Fred's interests include bowling, playing pool, golf, poker and lounging around the house. Fred has won championships with his bowling skills; in one episode, he goes so far as to take ballet lessons in order to improve his game (hence his trademark bowling delivery). The nickname of "Twinkletoes" stuck with him when Fred attended a local university and became eligible to play on their football team, and it became his call sign. Fred is also an excellent golfer. Fred is a member of the Loyal Order of Water Buffalos Lodge (named "the Loyal Order of Dinosaurs" in an early episode). Fred also has a serious gambling problem; the mere mention of the word "bet" causes Fred to stammer "bet" over and over again (sounding like a clucking chicken) and go on gambling binges. Fred is also an avid driver. In the fifth-season episode "Indianrockolis 500", Fred entered the famed prehistoric auto race under the pseudonym "Goggles Paisano".

Fred's catchphrase is "Yabba-Dabba-Doo!"; Alan Reed, voice actor who provided Fred's voice from 1960 to 1977, reportedly said the inspiration for the phrase came from his mother, who used to say, "A little dab'll do ya," probably borrowed from a Brylcreem commercial. When the script called for a simple yahoo, Alan either asked if he could alter the phrase or he ad-libbed. It inspired, in the 1970s a short-lived fruit drink called "Yabba Dabba Dew" and may or may not have also inspired George Jetson's similar-sounding catchphrase, "Hooba-dooba-dooba" (or "Hooba-Dooba"). It does, however, become the subject of a song by Hoagy Carmichael which the singer-songwriter performs in one episode of The Flintstones. Fred's ability to carry a tune was quite good in his younger years. One early episode sees Fred (with Barney, who is a skilled drummer) perform at a nightclub with his musician friend "Hot Lips Hannigan" where his singing caused teenage girls to swoon over him; on this occasion, he was nicknamed the "Golden Smog". In another first-season episode, "Girls' Night Out", Fred recorded a demo record at a carnival of the song "Listen to the Rocking Bird", which ended up making him a teenage singing idol named "Hi Fye". As the series progressed, however, his voice became worse and worse (even during his success as a singer, Wilma was never impressed by Fred's voice), eventually to the point that a temporary maid the Flintstones hired quit rather than having to hear Fred sing. (Alan Reed himself was not a good singer; in instances where he was expected to sing well, a stand-in—usually Henry Corden from 1965 onward—would be used.)

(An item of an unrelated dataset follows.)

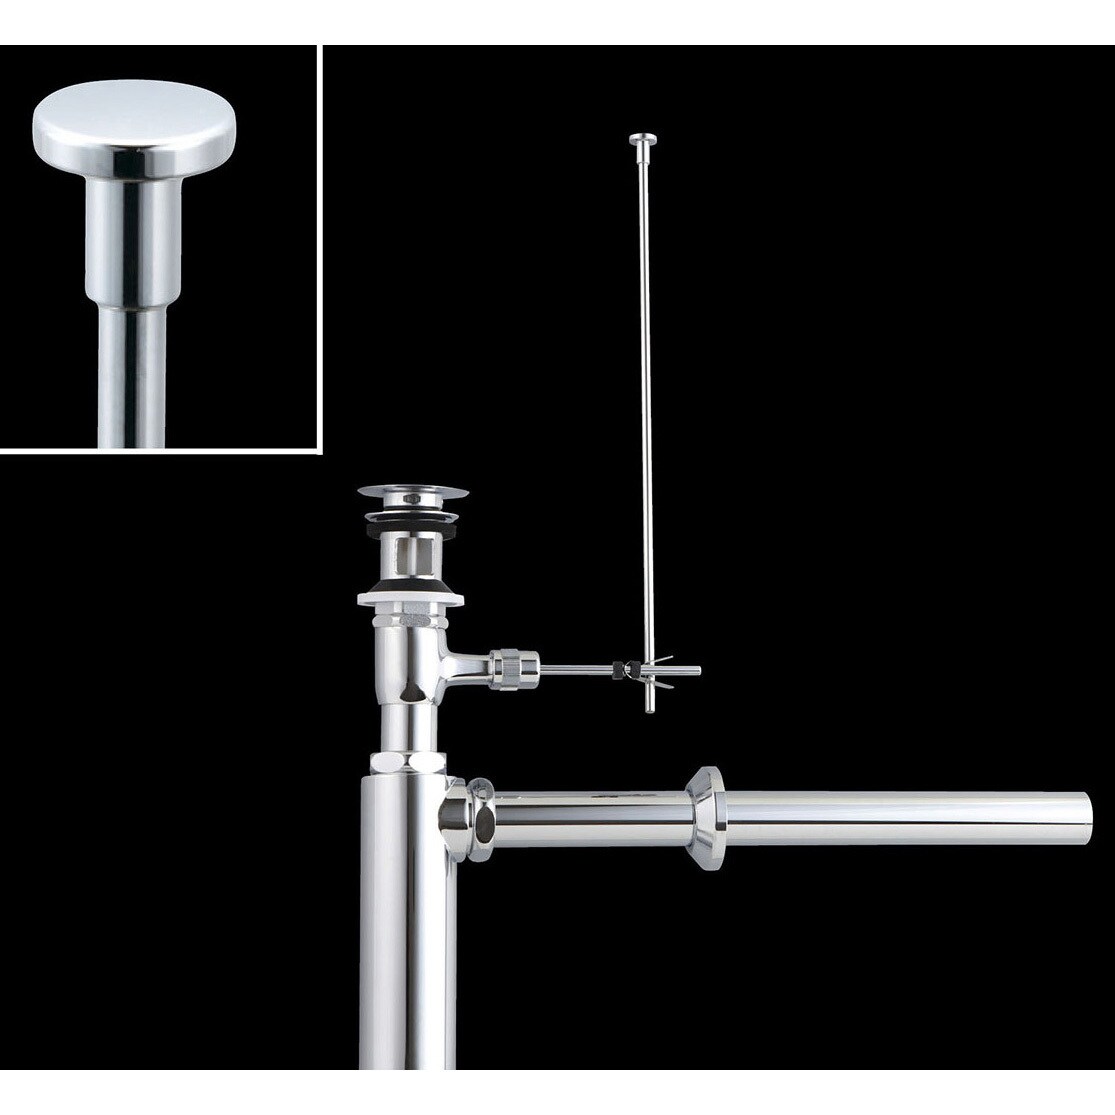 リクシル 洗面器・手洗器用セット金具 ポップアップ式排水金具(呼び径32mm) 床排水Sトラップ(排水口カバー付) LIXIL - 3
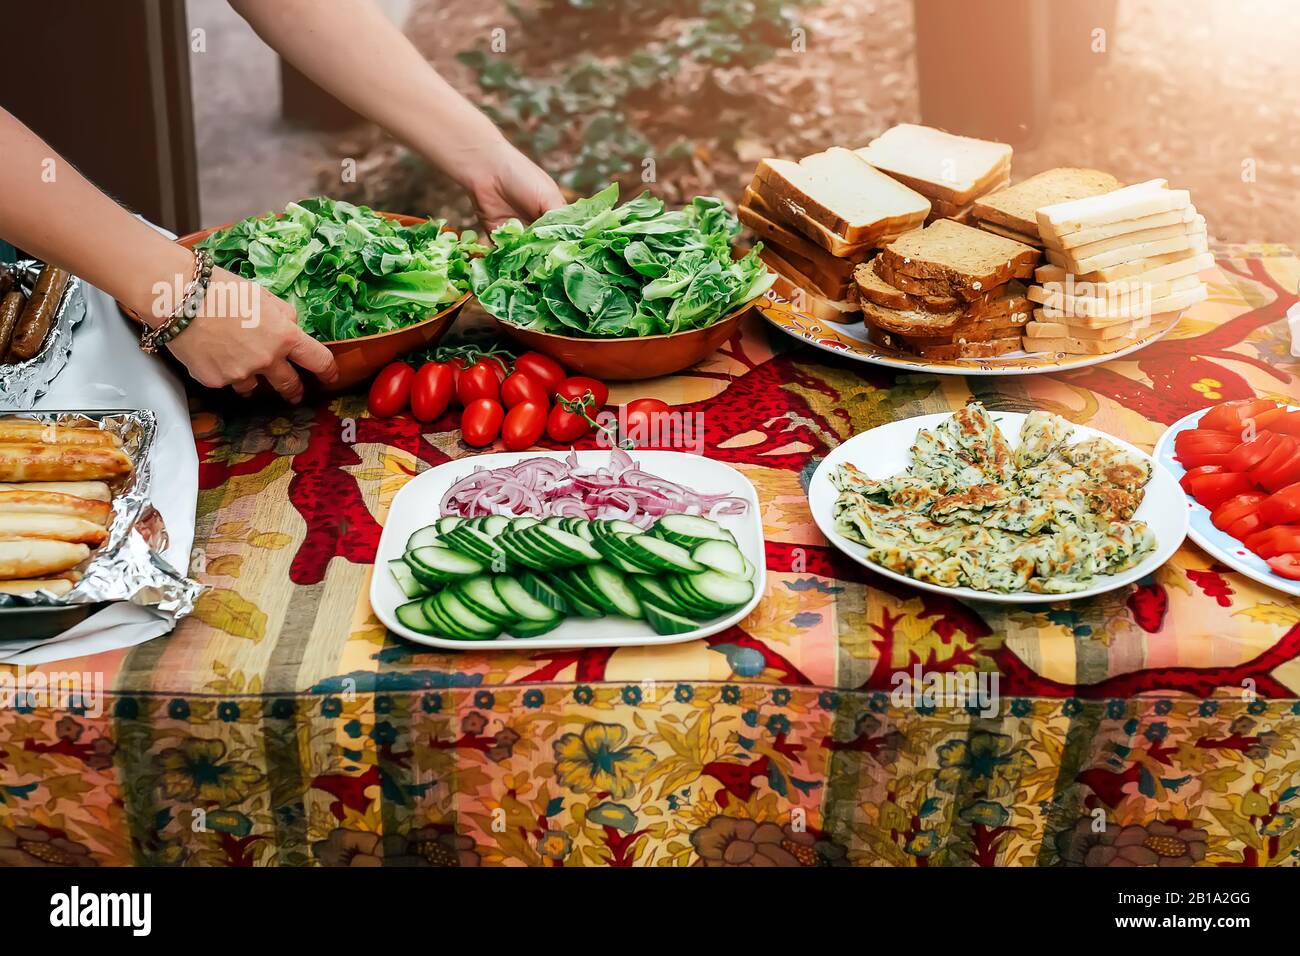 Die Leute bereiten Speisen für die Party zu, servieren Grillwürste grünen Salat, Vegien und Brot auf dem Tisch. Öffentlicher Grillplatz in Australien. Picknick im Park. Stockfoto

Due to his impulsive and short-tempered behavior and stubborn and somewhat selfish nature, Fred seems to be accident-prone. Even his most innocent and mundane actions often cause widespread confusion. At the end of the closing credits, Fred puts the Flintstones housecat "Baby Puss" outside; the cat however jumps back inside and puts Fred out who begins to knock on the door of his house and starts yelling "Wilma", to open the door.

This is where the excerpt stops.